I had the right job, a low-cost-of-living area, and an amazing partner who was on the same page.
What happened, dude?
Well, heaps, actually.
The main factor being how fantastic meaningful work, blended with a better work-life, could be. This combination greatly diminishes the urge to race towards financial freedom.
I would have loved to have sat down and told my younger self to head overseas sooner rather than wait another four years.
That trip was the catalyst for a lot of great stuff that’s in my life right now.
I’m still working on the rest of the list that isn’t tied to a specific age (this includes my football career 😅).
You bet I’ve been watching the latest Model Y price drops with great interest.
I think the Tesla might turn from a red cross to a green tick any month now 😎🚗
Net Worth Update
Decent month all around with the big influx of cash coming from a recent contract.
.
*Expenses include everything we spend money on to maintain our lifestyle. We do not include paying down our PPoR loan as an expense, only the interest
*Investment income is simply 4% of our FIRE portfolio divided by 12
Our passive income has never been this close to covering our expenses! It won’t be long before it crosses over. At that point, I might reduce these updates, as my goal was to continue them until our passive income exceeded our expenses.
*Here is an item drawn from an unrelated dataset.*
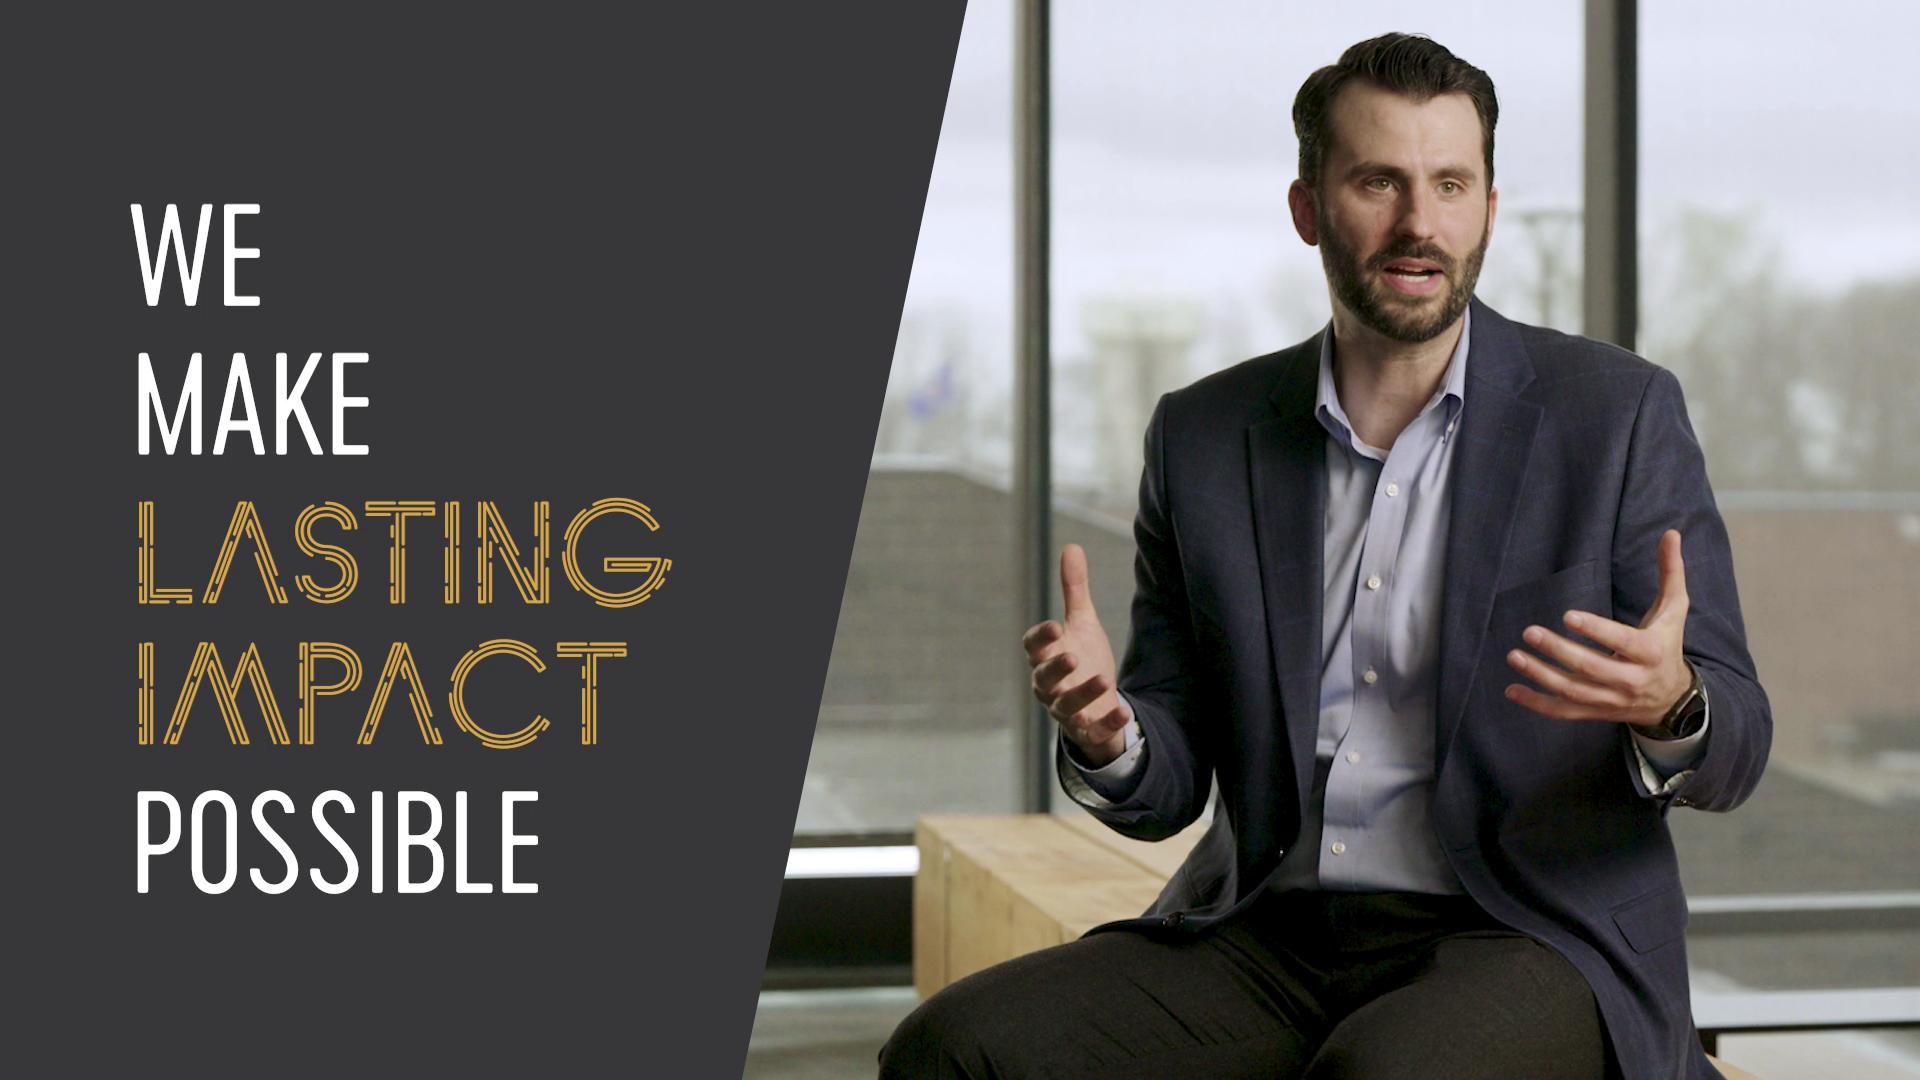 We Make Lasting Impact Possible

I’ll write more about this as we get closer to reaching this milestone.
Shares
The above graph was created by Sharesight
Solid month all around.
Question: Why do we have A200 & VAS?
Answer: We started buying A200 in August 2018 after Vanguard didn’t lower their MER to match A200. Practically speaking, A200 and VAS are almost identical so it makes sense to go with the lower MER. As an added benefit, I like the fund diversification between Vanguard and Betashares. We decided to hold both after making the switch since it doesn’t have any impact other than some extra accounting work once a year.
Does have VEU, an American domiciled ETF, cause you any tax issues? What does this mean at tax time for you?
Nope. I just have to fill out the W-8BEN form every 3 or so years.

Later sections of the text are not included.